Consent and assent processes and documents:
- Describe the consent procedures to be followed, including the circumstances under which consent will be sought and obtained.
- The CHEO Research Ethics Board requires informed consent forms to be available in both English and French as per the Board’s Bilingualism policy enacted on October 1, 2004.
- The REB reviews study budgets to examine possible conflicts of interest that would appear in the form of ‘overpayment’ for the recruitment and subsequent care of research participants.
- An itemized per patient budget should be submitted to the Board for review. The budget should indicate whether or not a fee for service will be paid to the investigator and/or referring physician and on what basis it is calculated (see http://www.cpso.on.ca/policies/policies/default.aspx?ID=1536). Both the REB and the CPSO do not permit physician investigators to receive compensation for recruiting patients into clinical trials.
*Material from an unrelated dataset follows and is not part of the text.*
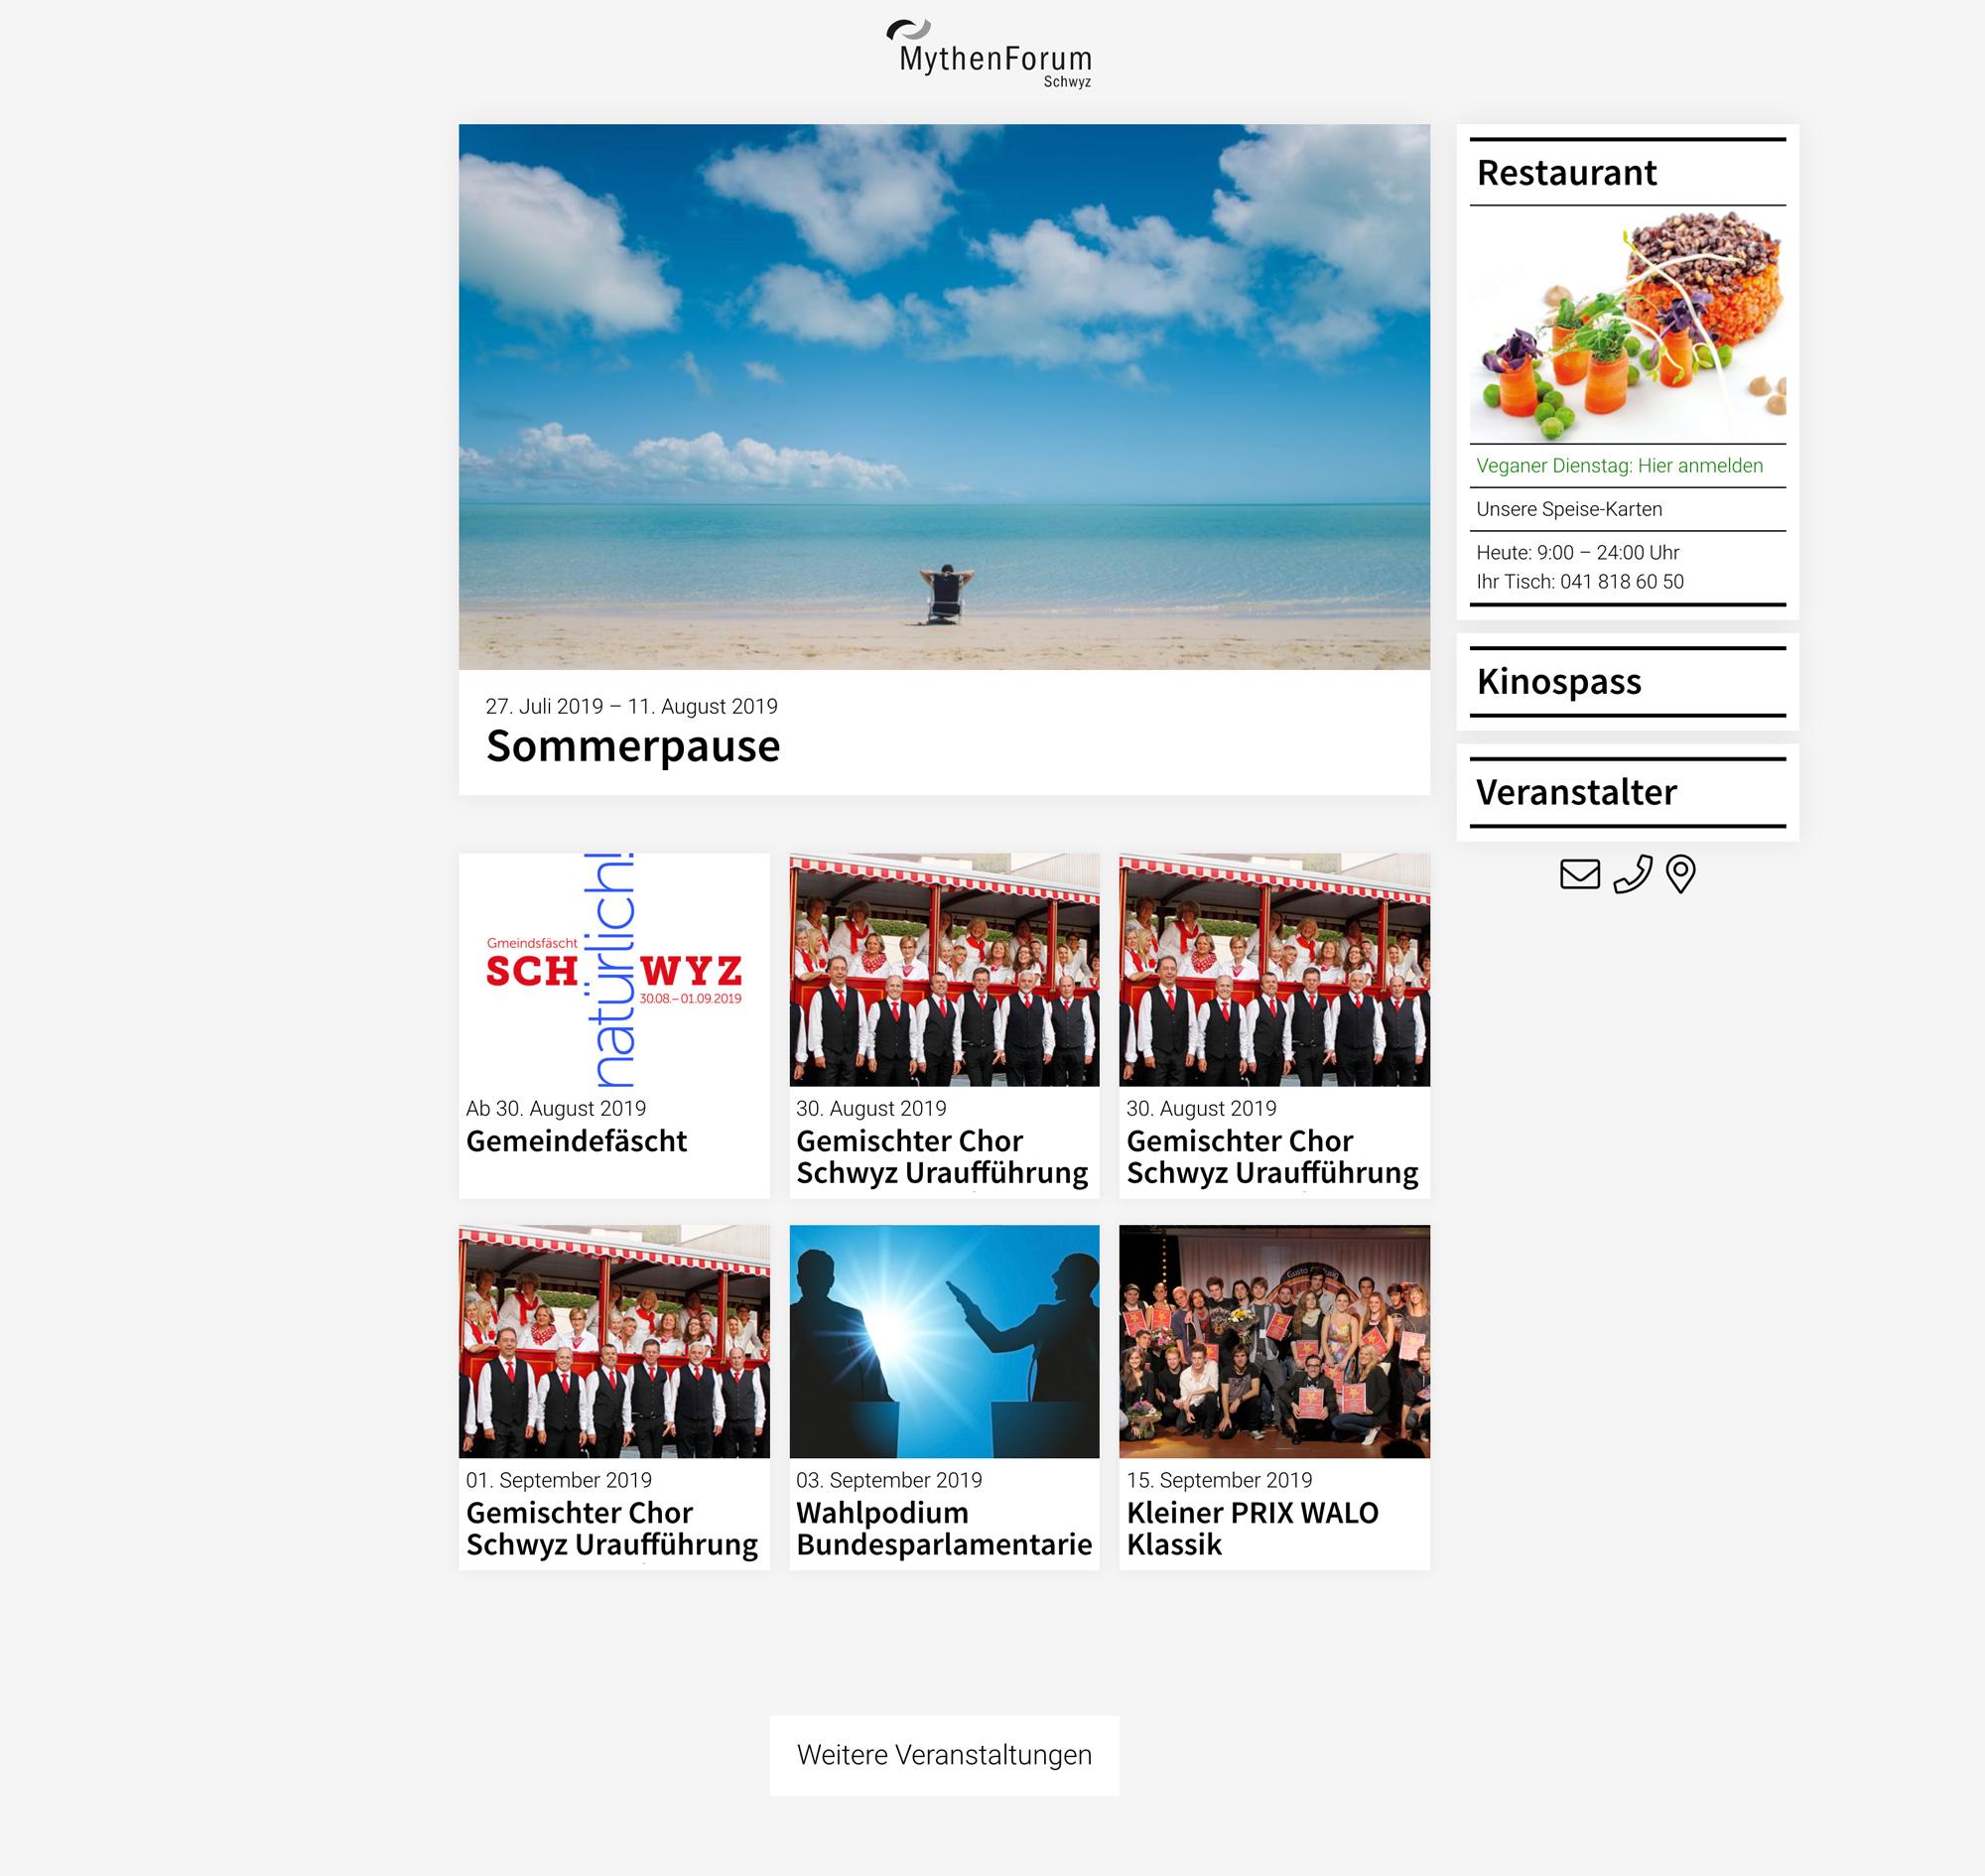 Startseite der Webpräsenz MythenForum

That being said, a recruiting physician can receive appropriate compensation for clinical and/or administrative services, which are beyond his/her normal practice activities and are required to recruit patients into a study. Parameters such as time, expenditure and complexity of the work required may be relevant considerations in determining what an appropriate compensation amount is. The concern with the payment of ‘recruitment fees’ not directly linked to a recognized fee schedule, is that they create a potential conflict of interest in which the physician’s interests appear to diverge from those of his/her patients.
- Financial agreements between the Primary CHEO Site Investigator and the Sponsor of the study must be described.
Data Sharing Agreements:
Data sharing agreements between CHEO and the study sponsor must be vetted by the RI Contracts Officer.
Protocols that expose human research participants to more than minimal risk must show evidence that the study has undergone independent scientific peer review. The peer review process ensures that all research meets the highest scientific standards. In the absence of scientific rigour, there is no justification to exposing humans to research-related risk. Research that is poorly justified or designed cannot advance knowledge and should therefore, not be permitted.
The initial submission must include two independent scientific peer reviews for review by the Board.
To qualify as an independent scientific peer review, a review must:
• Appraise the scientific merit and rigour of the study;
• Be conducted by qualified experts within the field;
• Be de-identified such that the name of the reviewer is not revealed to the study team; and be obtained independently (i.e., not through the study team).
Studies with scientific peer review as part of their funding (e.g., CIHR):
The Researcher should upload copies of the two required independent scientific peer reviews in their application to the Board.
Studies that do not have accompanying scientific peer review from funding agencies or are unfunded:
The Researcher must obtain a scientific peer review though the CHEO Research Institute peer review program (under special review).
The following submissions are excluded from this requirement:
• Research sponsored and initiated by Industry; and
• Research sponsored and initiated by a recognized cooperative research group; e.g., Children’s Oncology Group.
The REB reserves the right to request scientific peer reviews regardless of the Sponsor type, should they deem it necessary.